OPINION:
Like rebellious teenagers, Washington politicians ignore advice until they get in trouble. The debt downgrade and market crash ought to get them to rethink their overspending ways. Within the week, a new task force will form to give them an opportunity to make amends.
Last week’s disastrous debt-ceiling compromise created a Joint Select Committee on Deficit Reduction with the mission of finding up to $1.5 trillion in spending reductions or tax increases by Nov. 23. Congressional Republicans are hopeful about the panel’s potential.
“Sen. McConnell believes that the committee should find real savings, significant savings,” Senate Minority Leader Mitch McConnell’s spokesman Donald Stewart told The Washington Times. “Clearly, the committee’s work will be crucial,” Michael Steel, spokesman to House Speaker John A. Boehner, told us.
The debt deal set triggers meant to encourage this committee to take real action. Democrats need to compromise, or else they’ll see across-the-board slashing of their beloved social-welfare programs, including Medicare and Obamacare. If GOP members fail to agree, the automatic enforcement mechanism will take half of the cuts from defense.
On Monday, President Obama promised to send his “recommendations” to the committee for “modest adjustments” to Medicare. He has talked a lot about having a plan for entitlement reform, but he has never actually committed the details in writing. His fiddling around the edges won’t make a dent.
The largest drivers of the nation’s debt - Social Security and Medicare - must be tackled head-on to make a difference. Real savings would come from slowly shifting the health care program for seniors into vouchers or by adopting the premium support plan offered by Rep. Paul Ryan, Wisconsin Republican.
Social Security’s eligibility age must also be raised before FDR’s Ponzi scheme bankrupts the nation as the baby boomers live long in retirement. Political leaders know this, but too many of them care more about getting re-elected than about doing what is necessary.

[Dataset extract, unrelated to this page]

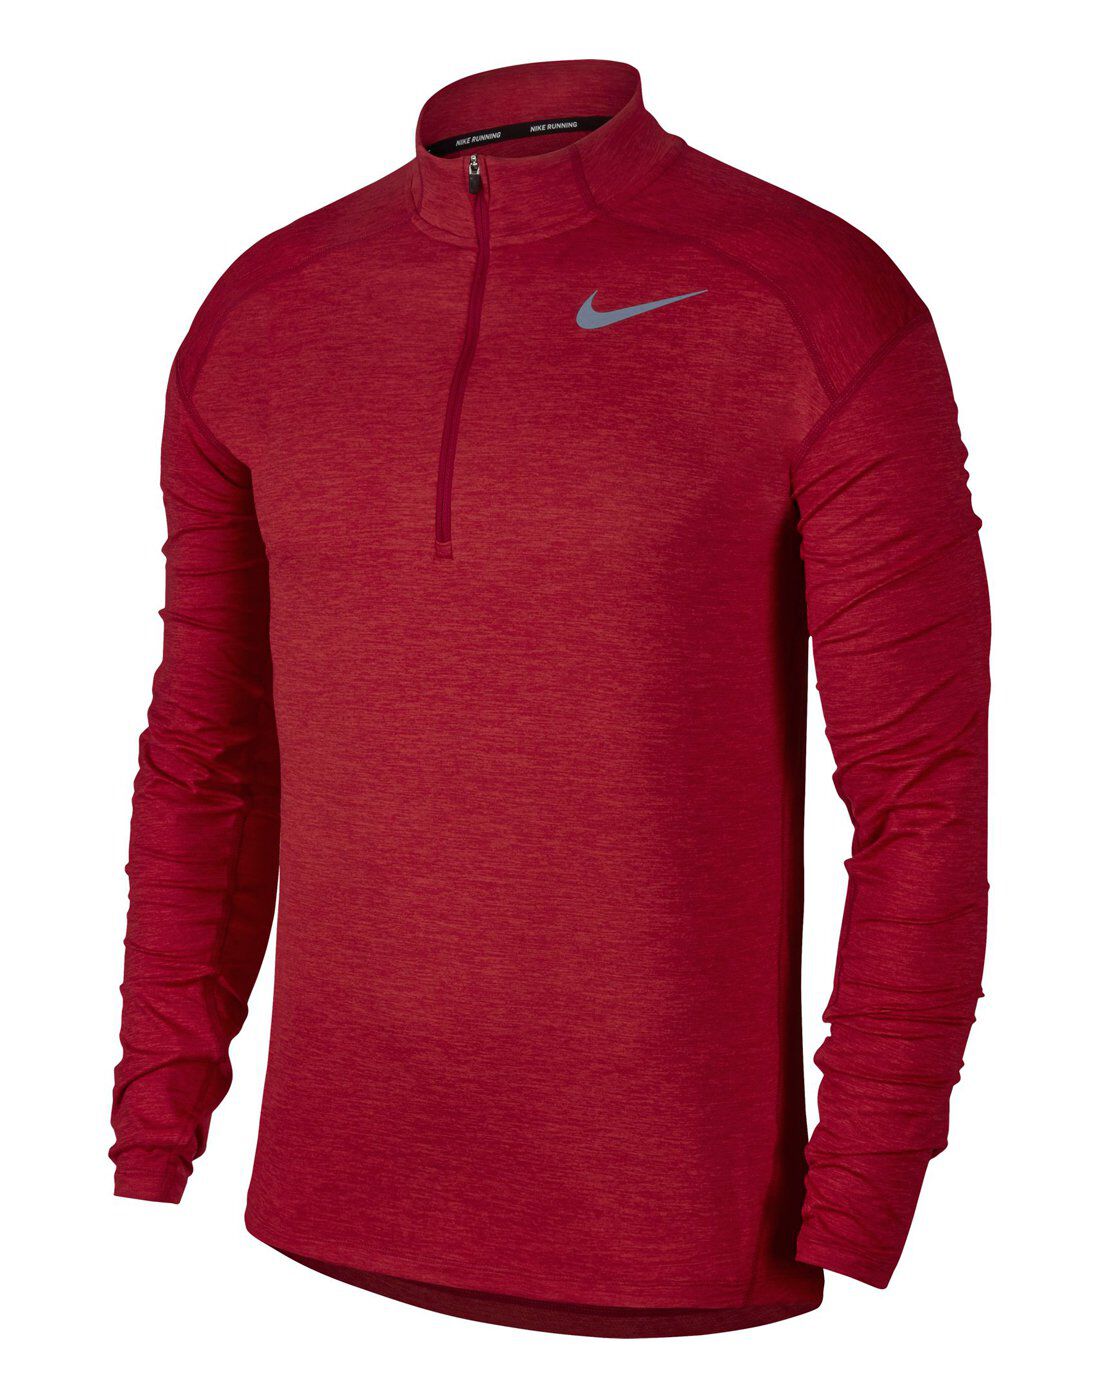 Men's Nike Dry Half Zip | Red | Life 
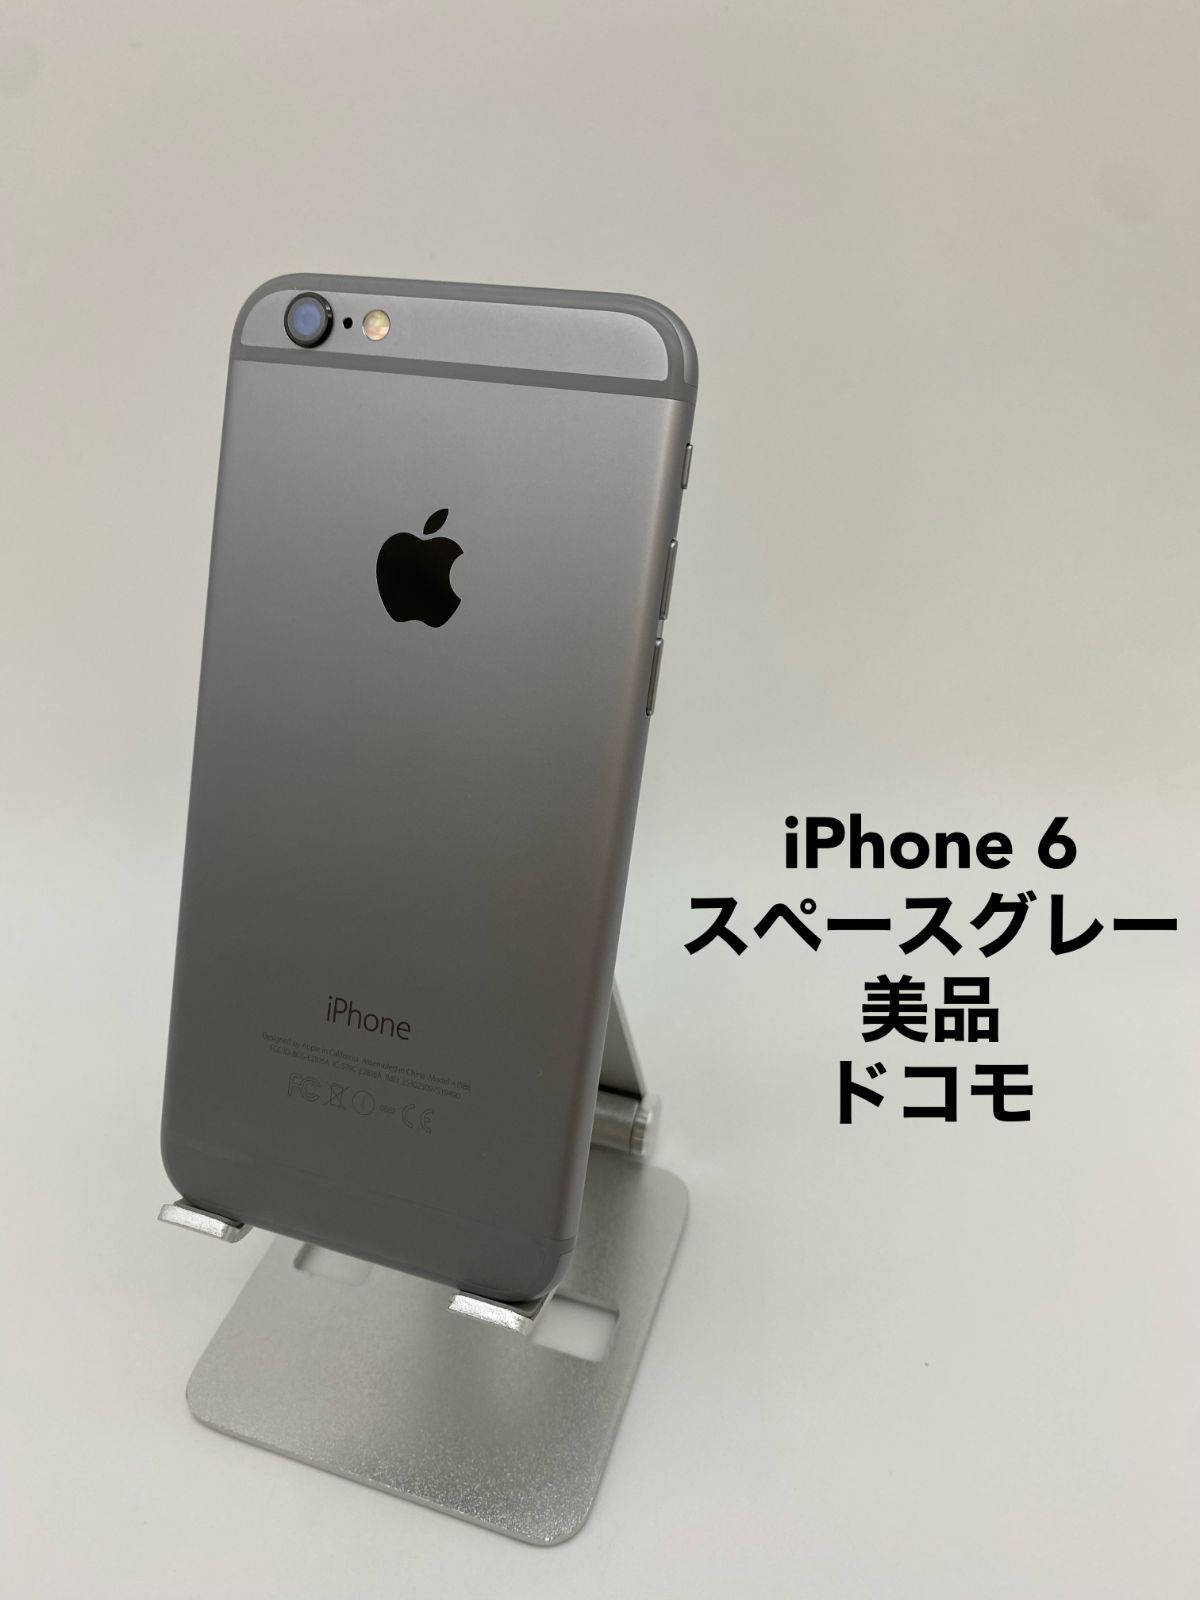 iPhone6 64GB ドコモ版 スペースグレイ - スマートフォン本体

The committee also must lower our corporate tax rate so it is competitive with the rest of the industrialized world. This would go far toward stabilizing the stock market and bringing needed investment into the dragging economy. If Democrats insist on closing tax loopholes, Republicans should insist that deductions are removed only in exchange for lowering overall marginal tax rates.
No matter what committee members do, the maximum $1.5 trillion in spending “cuts” over 10 years won’t actually reduce the debt. That amount is the equivalent of three weeks’ worth of annual government spending, and it’s nowhere near the $4 trillion over 10 years that Standard & Poor’s said was needed to avoid the downgrade. The committee and Congress must do a lot more.
Because the president and congressional leaders didn’t have the willpower to cut even one full day’s worth of 2012 government spending in the debt-ceiling deal, the chances aren’t great that they will now agree to significant reforms. Still, if they realize their political futures depend on reversing course, perhaps there’s room for a small bit of hope.